RISC World

Programming for non programmers

Part 9 - Making the program work

David Holden continues his series.

In the last session we got as far as writing a 'shell' program that would start up, open a window on the desktop, and shut down when told to do so by the user. A significant step, but the program couldn't actually do anything useful.

You will notice that if you click the mouse over the top white, writable, icon the caret will appear there and you can type text into the icon. There isn't any code in the program itself to do this, but there doesn't need to be; it is handled entirely by the Wimp. When the window was created this icon was defined as 'writable' and once this has been done it will deal with text entry in that icon, including the standard keypresses for deletion and moving back and forth along the line.

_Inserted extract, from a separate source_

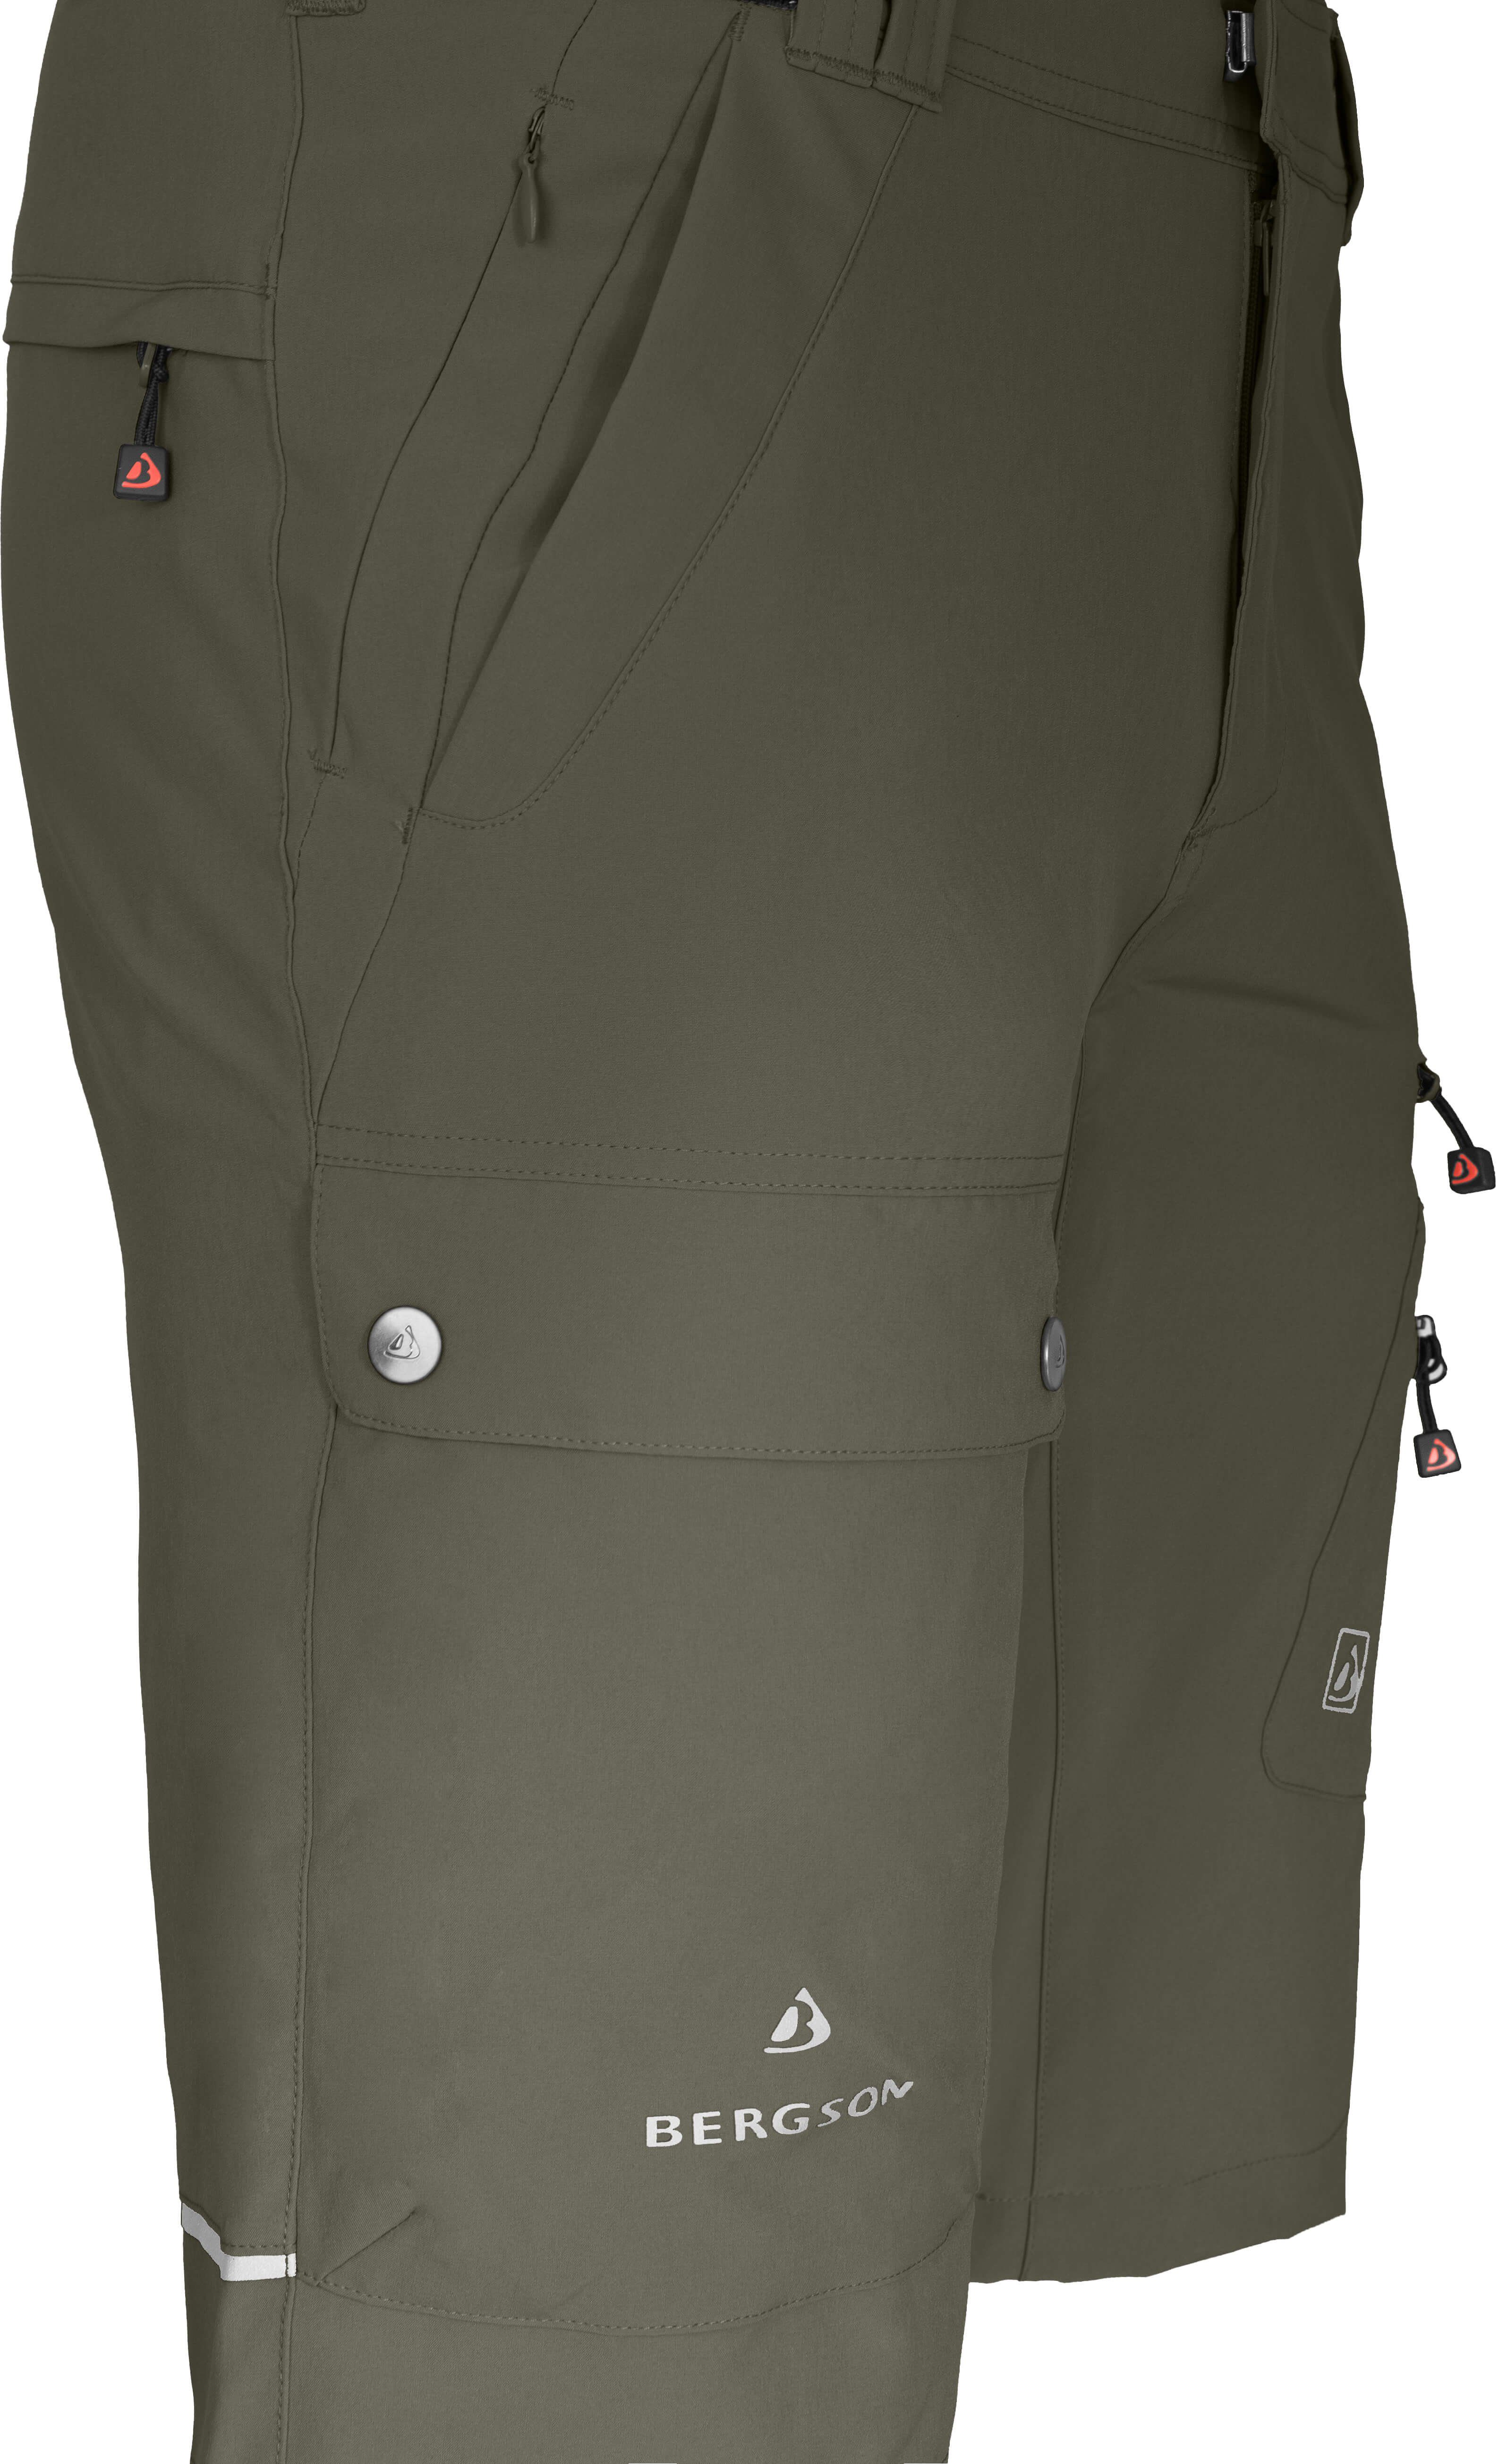 Bergson Outdoorhose FROSLEV recycelt, COMFORT Wandershorts, Normalgrößen, Bermuda Herren Taschen, 8 elastisch, grau/grün

You will recall that I explained that the data (that is, the text) in this icon is indirected, which means that is is held in a block of RAM that the program has allocated. This enables us to both read the text in the icon by examining this indirected data, and to write or modify this text by altering the indirected data.

Talking with icons

There are two SWIs which can be used to do this. They are Wimp_GetIconState and Wimp_SetIconState. Both of these use a data block to pass information. Before you can use them you need to know something about the way that icons are defined. As windows are usually designed with a template editor there is normally no need to understand all the intricacies of icon definitions, but if you want to modify an icon then you will have to know a little about it.

The Icon Block

An icon, any icon in any window, is defined in just 32 bytes. This is pretty compact, especially when you think of all the widely different types of icons that exist. The way that this 32 bit icon block is set up hasn't really changed since the beginnings of the Acorn Wimp, but the use of indirected data has enabled it to be expanded to incorporate things like the present 3D effects.

An icon data block is made up as follows, the offsets are in bytes from the start of the icon block.

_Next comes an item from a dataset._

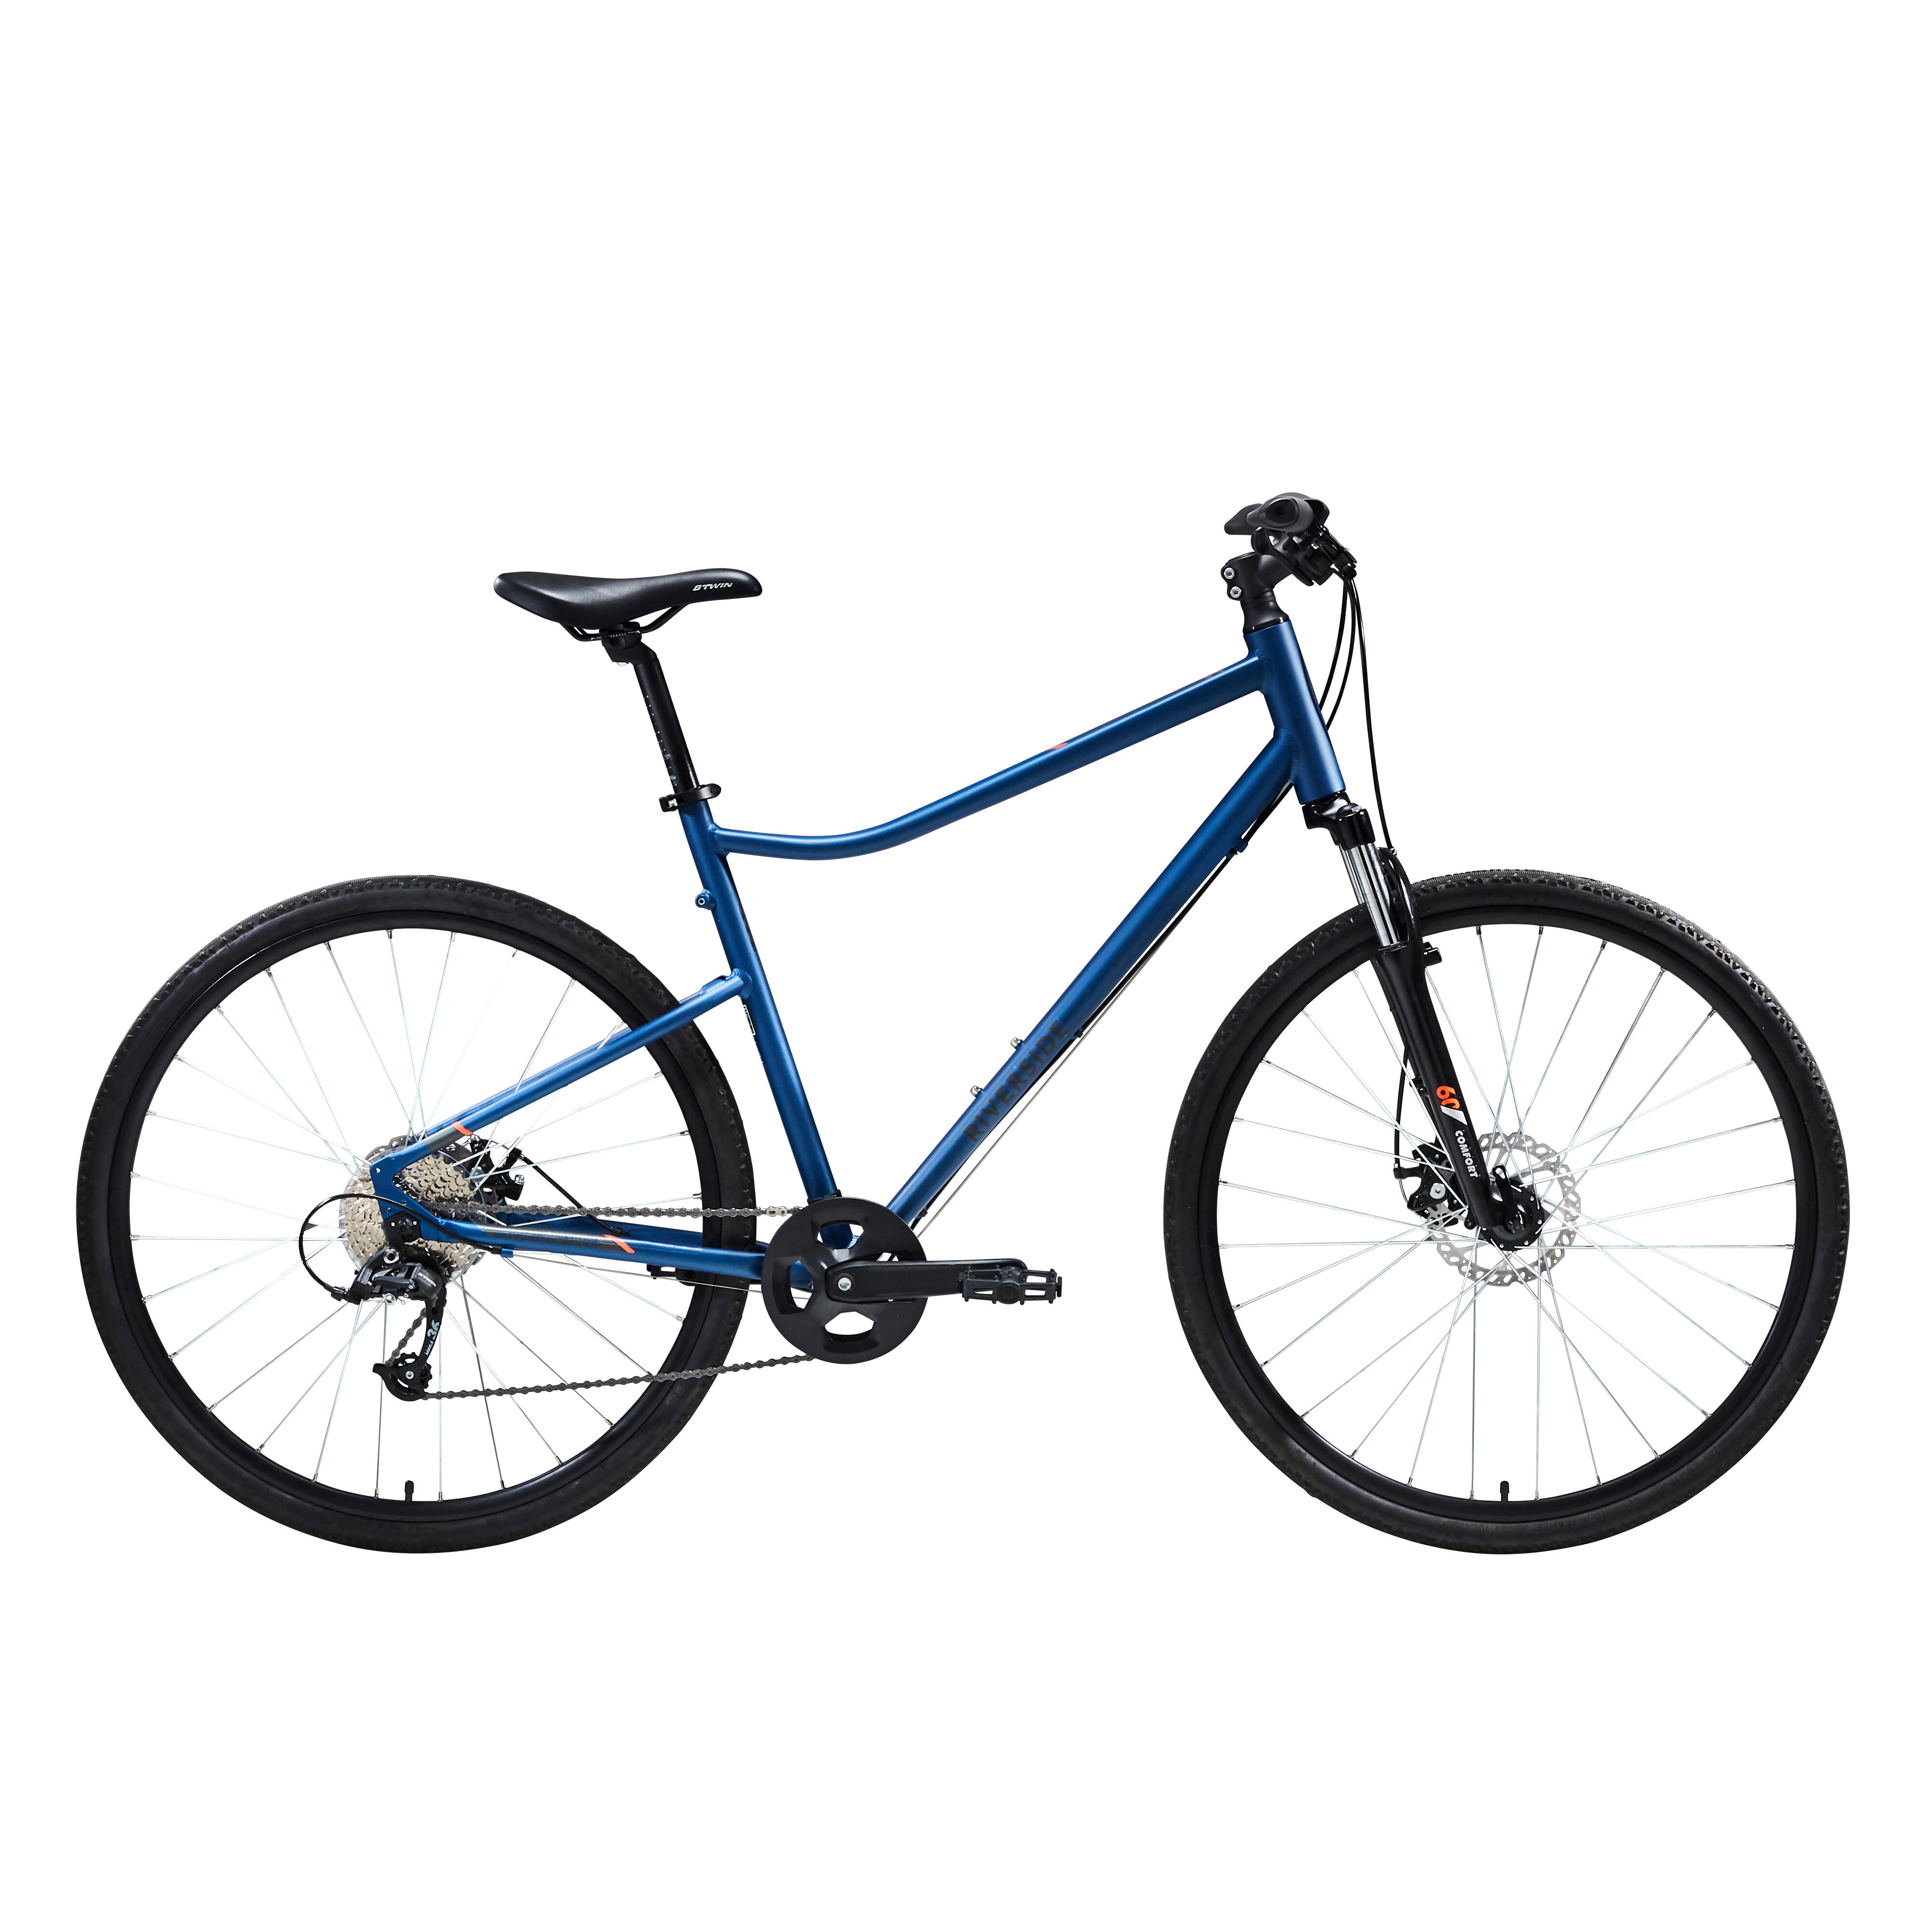 Bicicletă polivalentă Riverside 500 Albastru decathlon.ro

  • +0 minimum x co-ordinate of icon
  • +4 minimum y co-ordinate of icon
  • +8 maximum x co-ordinate of icon
  • +12 maximum y co-ordinate of icon
  • +16 icon flags
  • +20 12 bytes of icon data

The first four define the size and position of the icon relative to the window.

The icon flags are 32 bits or one 4 byte word of data. Each bit or group of bits defines some aspect of the icon.

  • 0 icon contains text
  • 1 icon is a sprite
  • 2 icon has a border
  • 3 contents centred horizontally
  • 4 contents centred vertically
  • 5 icon has filled background
  • 6 text is in anti-aliased font (see 24-31)
  • 7 icon must be redrawn by task
  • 8 data is indirected
  • 9 text is right justified
  • 10 if selected with ADJUST don't cancel other icons in the same ESG
  • 11 display sprite at half size
  • 12 to 15 icon button types
  • 16 to 20 Exclusive Selection Group (ESG)
  • 21 icon is selected (so is inverted)
  • 22 icon is shaded and cannot be selected
  • 23 icon has been deleted
  • If bit 6 is not set then 24 to 27 foreground colour
  • If bit 6 is not set then 28 to 31 background colour
  • If bit 6 is set then 24 to 31 Font handle

To clarify some of these. An Exclusive Selection Group or ESG is a group of icons, normally, but not necessarily round button icons, only one of which can be selected at any one time. These are often called 'radio buttons' after the type of push-button presets used in older radios. When the user pressed a button the previously selected button popped out so that only one was operative. If a group of icons belong to the same ESG then only only one of them can normally be selected at once, usually to allow the user to choose between a number of mutually exclusive options.

The foreground and background colours of an icon are defined in 4 bits, which means a number from 0 to 15. As you might expect, these correspond to the 16 standard Wimp colours.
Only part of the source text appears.